Liran Haimovitch: So today, you’re working at a startup. What are your favorite parts about that?
Dudi Cohen: Working in a startup, I think my favorite part about working in a startup is the ability to do everything, or actually the requirement to do everything. Working for a startup, not working for an enterprise pretty much has no boundaries, you don’t need to request permission to touch another piece of code, you don’t need to understand whether someone needs your help, you can just give out your help. And you can also of course, innovate, which is something that enterprises are lacking. Most enterprises. And of course, the people when you work in a startup, you can’t compromise on people, when you recruit people to a start-up, especially a small startup like Rookout, you can’t compromise, you can’t recruit someone and say, okay, he’s not that good in this area, not that good in that area but it’s pretty good in what we’re looking. Because of the small nature of startups, everybody needs to be able to do everything. And that means that if you want to change the language that we’re writing, we can’t have a developer who says I only write GO or I only write in Python, you need to be able to move people. You need everybody to be pretty much a jack of all trades.
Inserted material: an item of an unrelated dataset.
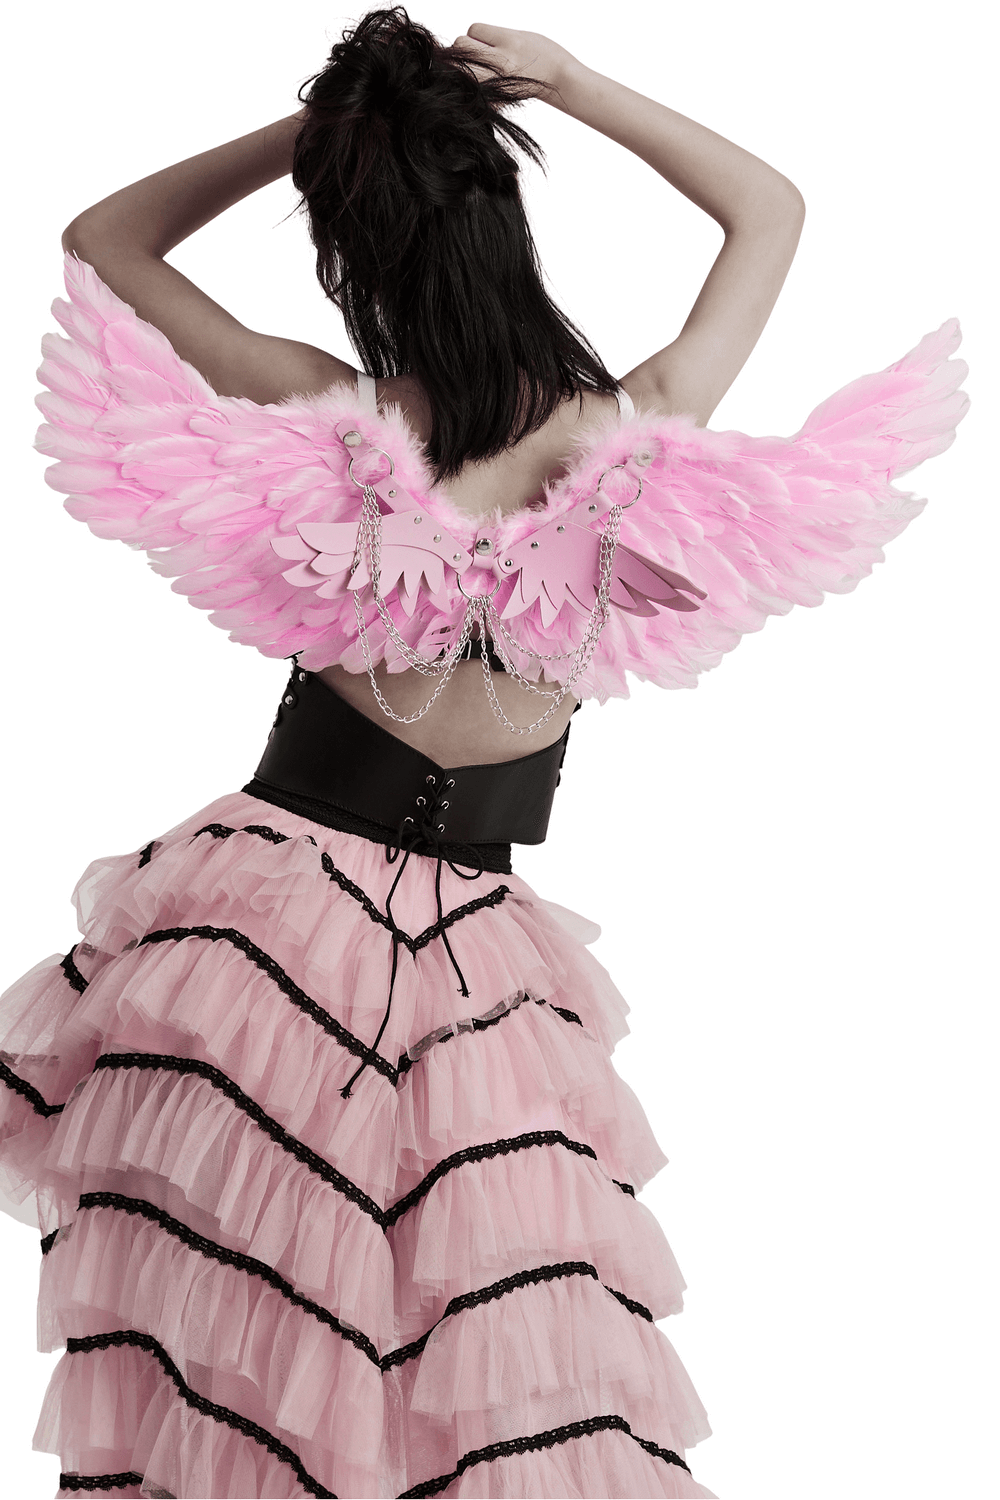 Chic Pink Angel Wings with Silver Chains Harness

Liran Haimovitch: So how have your hiring practices changed over the past couple of years?
Dudi Cohen: So I’ve been hiring software developers, I think for the past 15 years I’ve been involved in hiring developers. And in the past, I interview the developer, or look for a developer, I mainly look at what the developer’s expertise is and what he’s best at and made a lot of technical questions on specific expertise. Nowadays, I do look for experts, but many look for the potential, I look for the potential of a developer to learn new things, the potential of developers to either learn new things from his co-workers or learn new things by his own, or even go forward and look for something that no one has done before.
Liran Haimovitch: You mentioned potential and today, there is a lot of discussion within the industry on how many people ought to join the industry. How many people want to become developers for the first time, and how often hard it is to get a first job. Now, on the one hand, you’re saying that you’re looking for potential. On the other hand, it can be pretty hard to prove that potential without any experience. So, how do you go about estimating potential especially for junior hires?
Dudi Cohen: I think the first thing that I look for in a potential candidate is the candidates passion. If I meet with a candidate who tells me about his projects, and tells me about what he did, usually most candidates have some sort of experience, whether it’s experience from their university studies or from high school. If he tells about those projects, without any passion, usually it means that he doesn’t have any potential. If someone has passion, it usually means that he learned, in addition to what he needed to learn for his project. He was curious, he did things not in the standard mainstream way. And usually, developers with passion, look beyond the basic, they try to understand how exactly their code is working. For example, let’s say that I interview someone for a front-end position, developing JavaScript, if that developer won’t understand or won’t know, in advance, how JavaScript is working, whether it’s single threaded, whether it is multi-threaded, whether it is compiled or not compiled. Those are basic things that I think, even if you’re a junior, if you’re not passionate, and you don’t want to know how your code works, you don’t have a lot of potential. It is really important to understand how everything is working behind the scenes, and without passion, you won’t be able to move forward in the industry.
Liran Haimovitch: I think software engineering today is a form of craftsmanship. And like any craftsman, it’s important to care about your work, to have passion for it, to try to aim to be better at it, to aim to excel at it so that you can live up to your potential and grow.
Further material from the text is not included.